Recorded data:
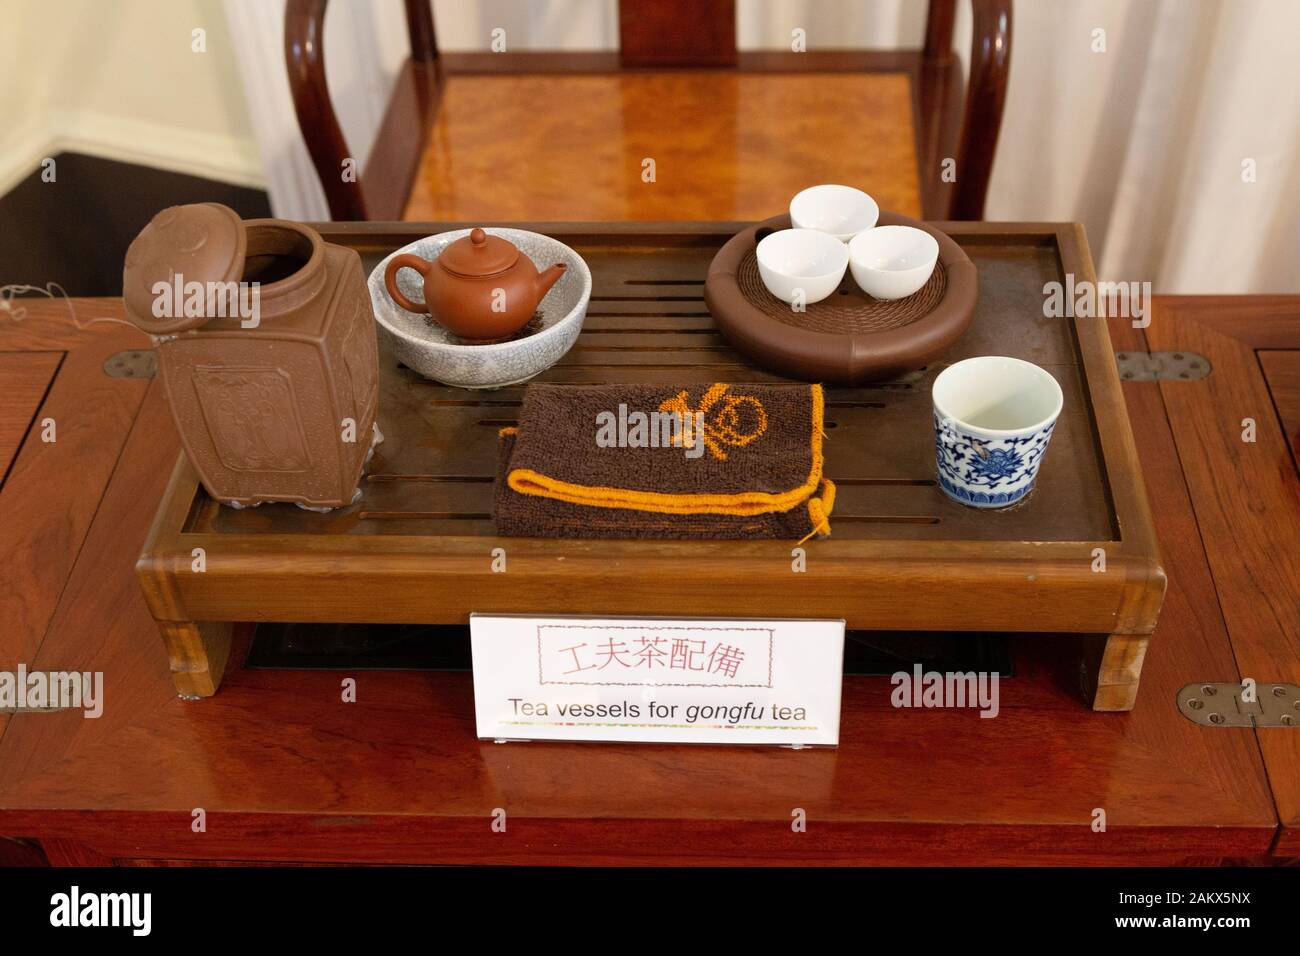 Museum of Teaware, exhibits of historic vintage teapots and teasets, inside the Museum of Teaware, Hong Kong Asia Stock Photo
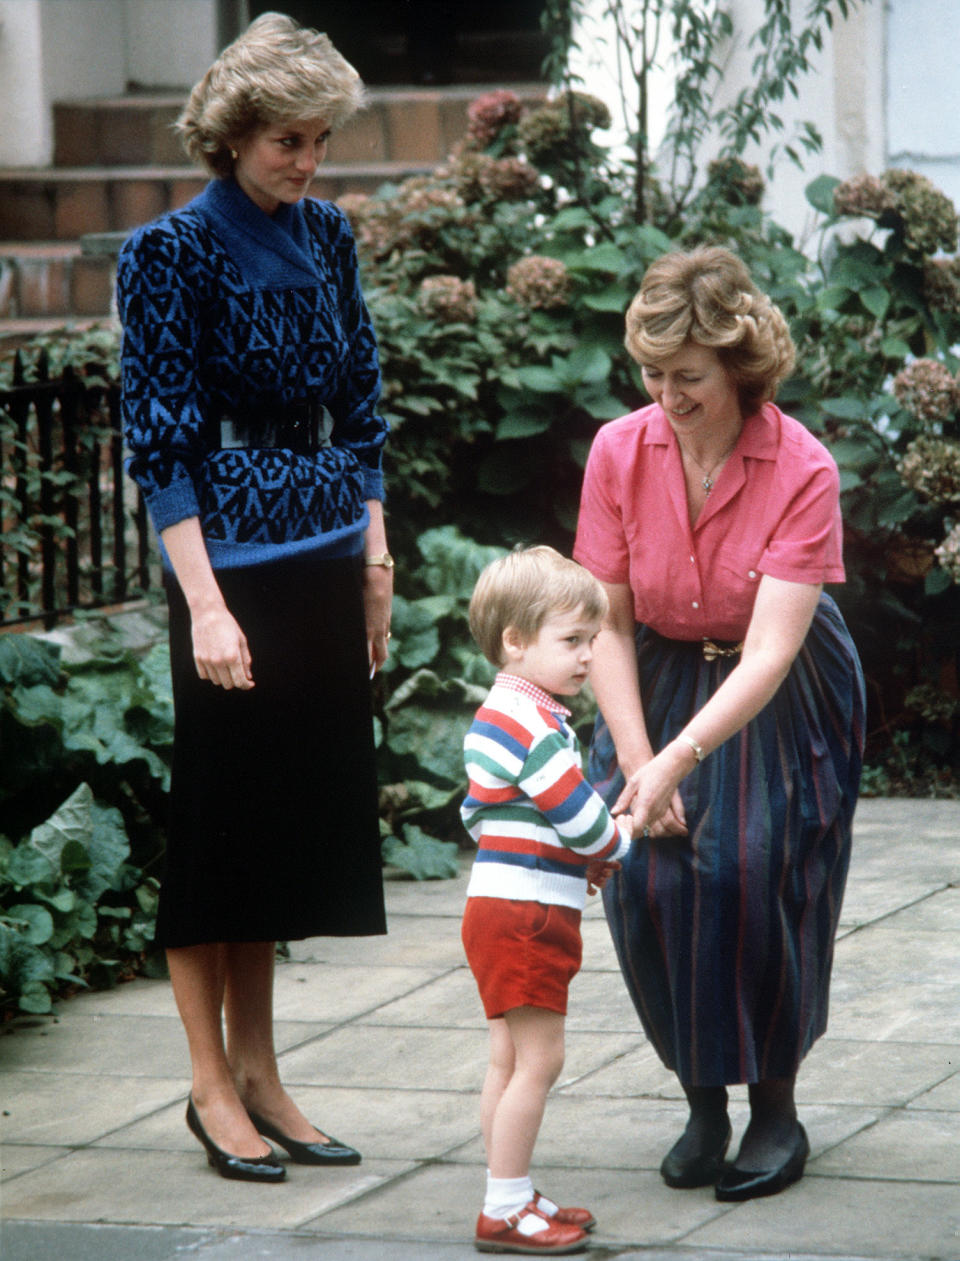 Diana, The Princess of Wales looks on as Mrs. Jane Mynors greets Prince William at the Victorian terrace house on his first day at Jane Mynors nursery school in London   (Photo by PA Images via Getty Images)
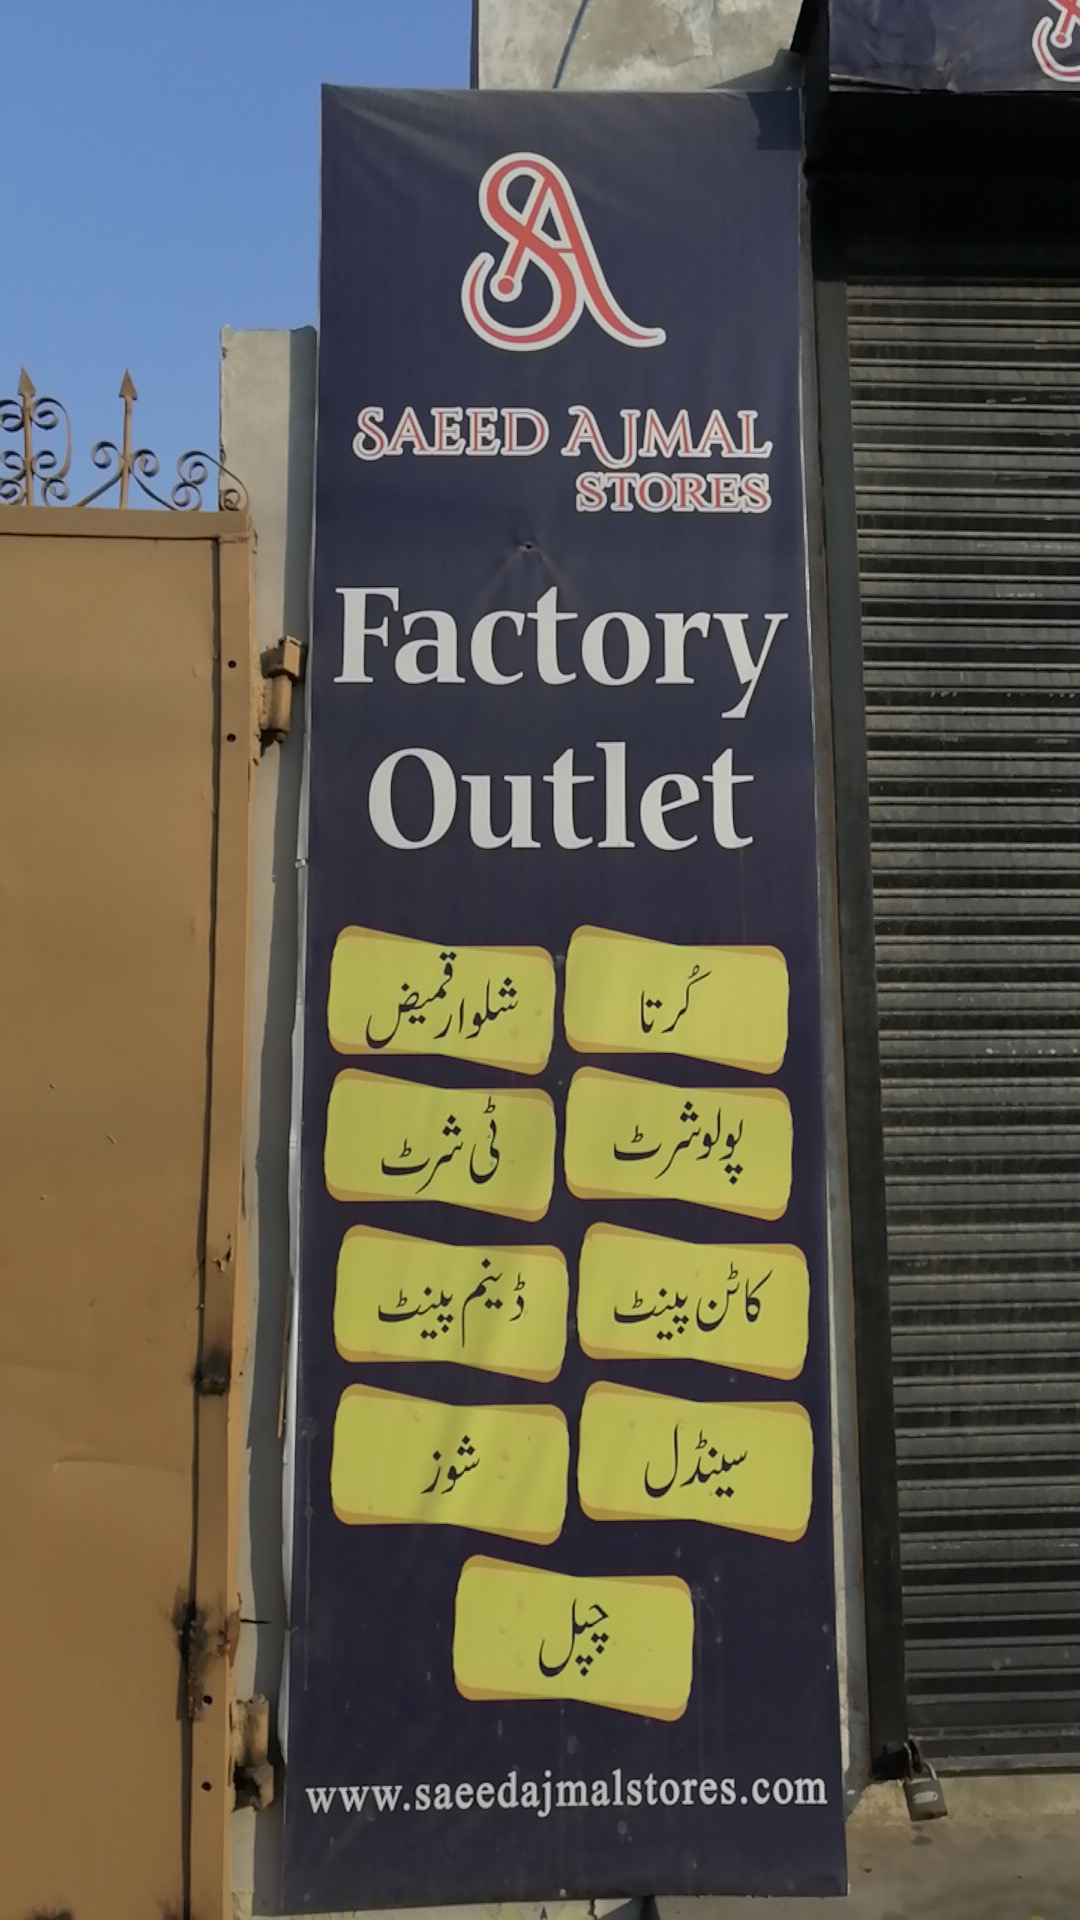 Factory Outlet Saeed Ajmal Stores
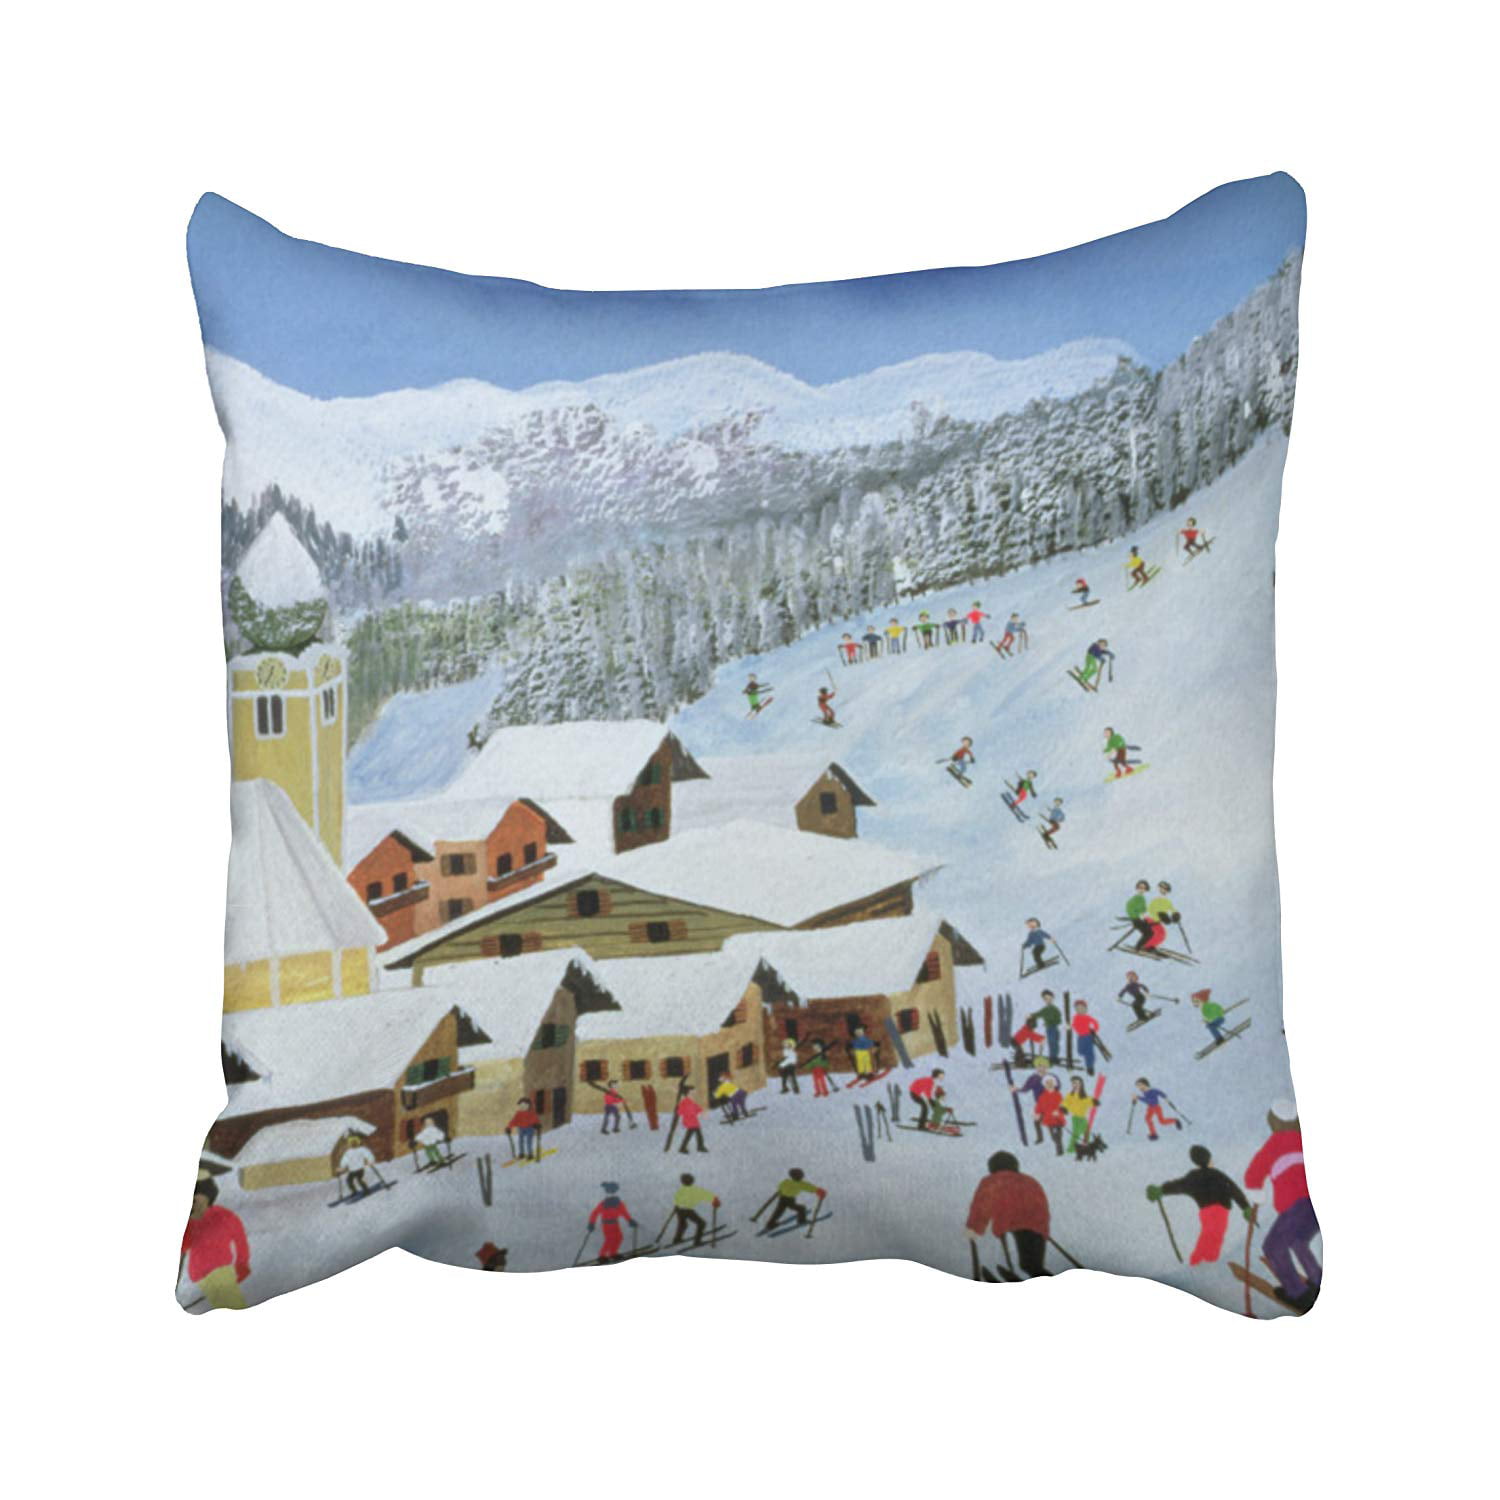 Snowboarder Ski Winter Sports Snowboarding Gift American Flag Snowboard Mountains Nature Athlete Sporty Throw Pillow Multicolor 18x18
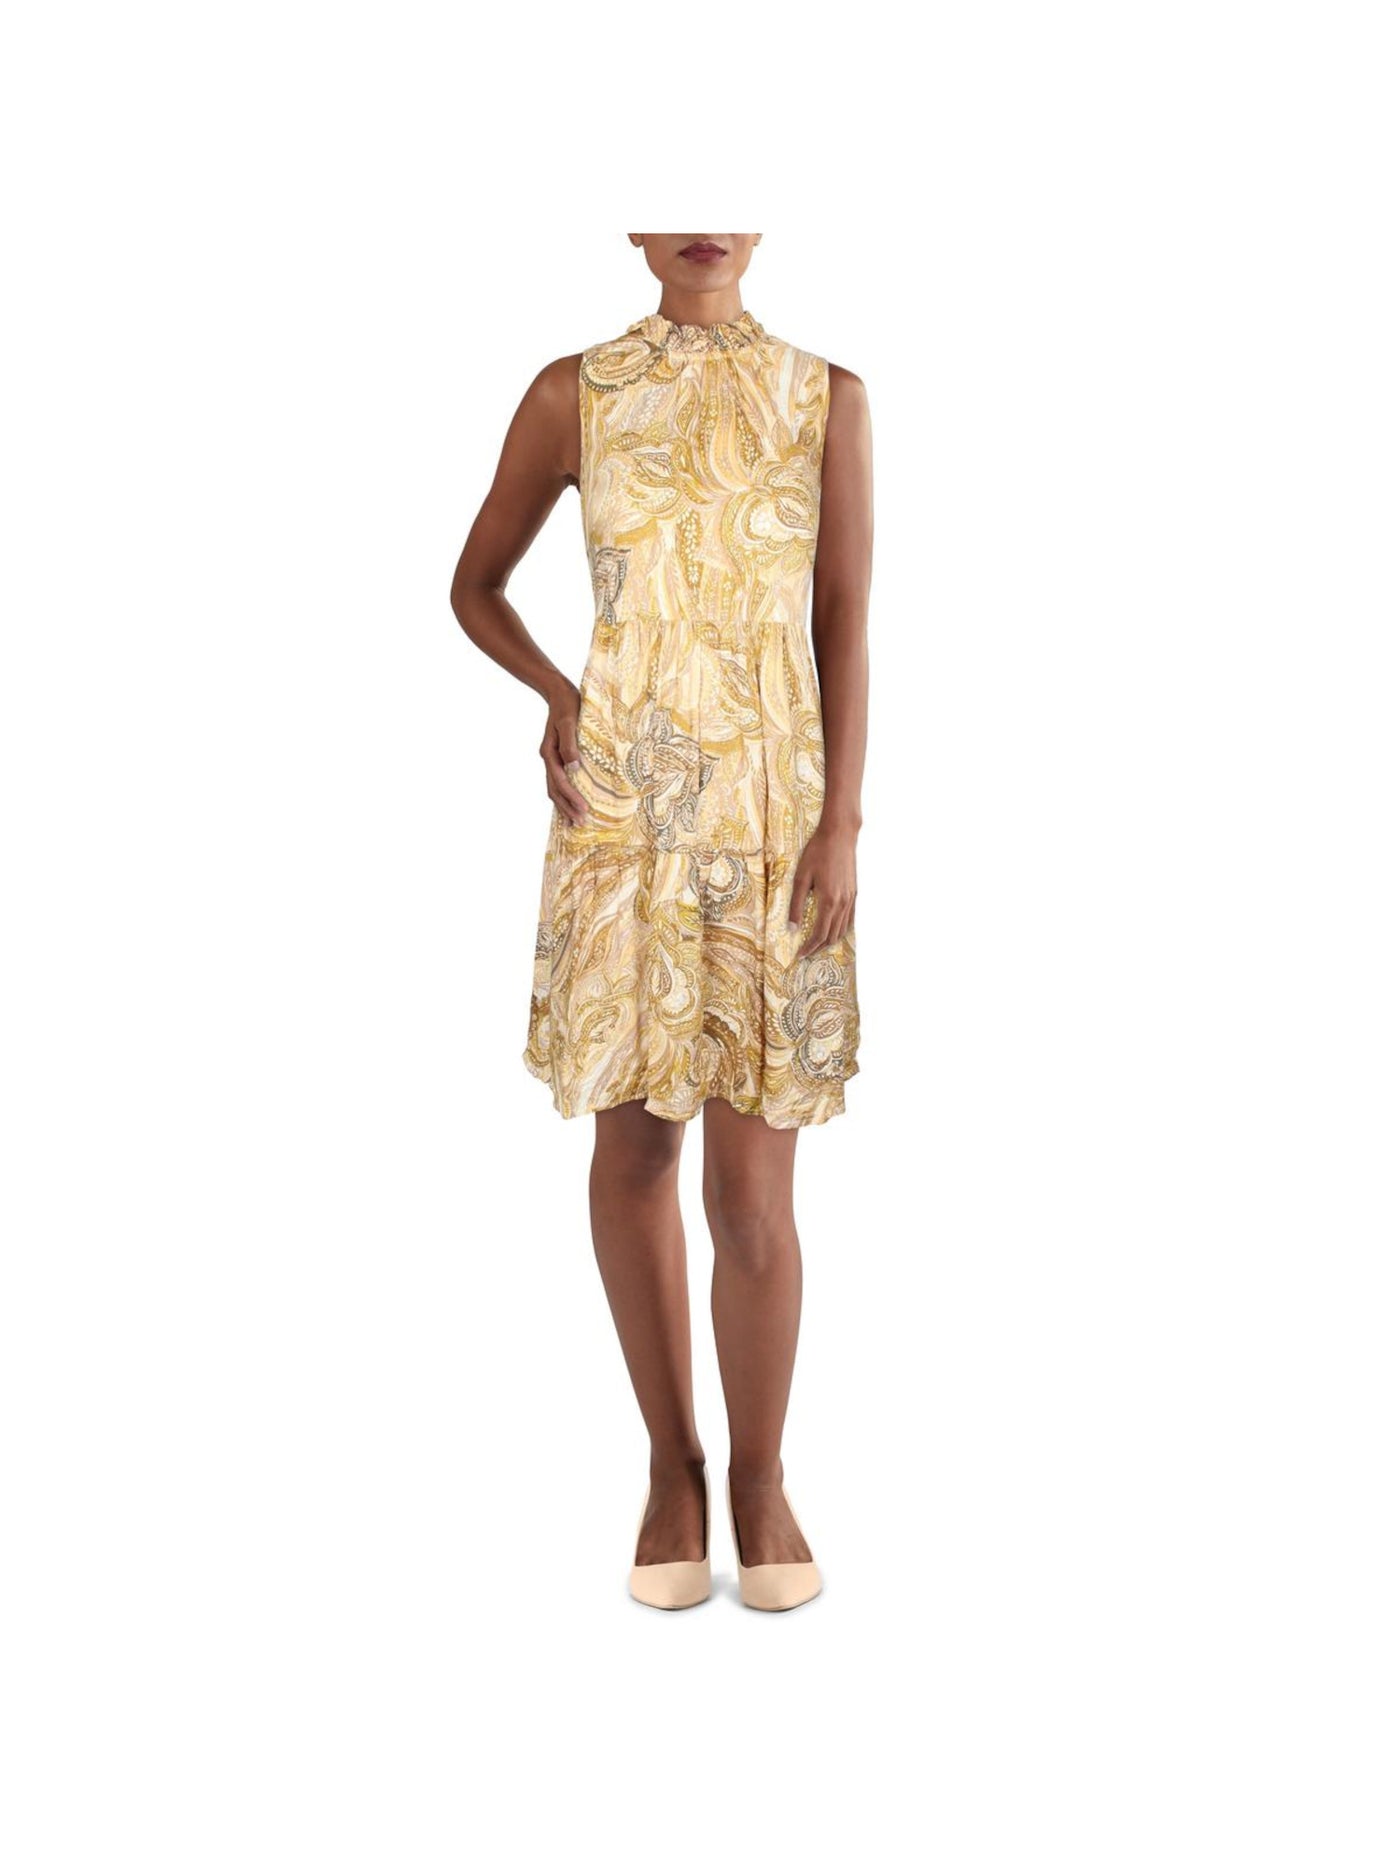 CALVIN KLEIN Womens Yellow Ruffled Unlined Keyhole Back Tiered Printed Sleeveless Mock Neck Above The Knee Shift Dress 10

▸ **Task description**: Whenever a line holds a picture, print that line without the picture. All other data must be output exactly.

▸ **Response**:
 Museum of Teaware, exhibits of historic vintage teapots and teasets, inside the Museum of Teaware, Hong Kong Asia Stock Photo
 Diana, The Princess of Wales looks on as Mrs. Jane Mynors greets Prince William at the Victorian terrace house on his first day at Jane Mynors nursery school in London   (Photo by PA Images via Getty Images)
 Factory Outlet Saeed Ajmal Stores
 Snowboarder Ski Winter Sports Snowboarding Gift American Flag Snowboard Mountains Nature Athlete Sporty Throw Pillow Multicolor 18x18
 CALVIN KLEIN Womens Yellow Ruffled Unlined Keyhole Back Tiered Printed Sleeveless Mock Neck Above The Knee Shift Dress 10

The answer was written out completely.